**RECORDS**.
════════════════════
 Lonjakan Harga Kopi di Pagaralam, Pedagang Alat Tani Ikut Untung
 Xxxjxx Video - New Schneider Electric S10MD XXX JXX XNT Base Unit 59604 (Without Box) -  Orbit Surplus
════════════════════
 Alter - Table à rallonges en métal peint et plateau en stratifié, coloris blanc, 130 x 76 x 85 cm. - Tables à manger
════════════════════
**EXERCISE DETAILS**. What are the lines, exactly as written above, from the line with "Lonjakan Harga Kopi" to the line with "Xxxjxx Video - New", both included? Output only those.

**THE ANSWER**.
 Lonjakan Harga Kopi di Pagaralam, Pedagang Alat Tani Ikut Untung
 Xxxjxx Video - New Schneider Electric S10MD XXX JXX XNT Base Unit 59604 (Without Box) -  Orbit Surplus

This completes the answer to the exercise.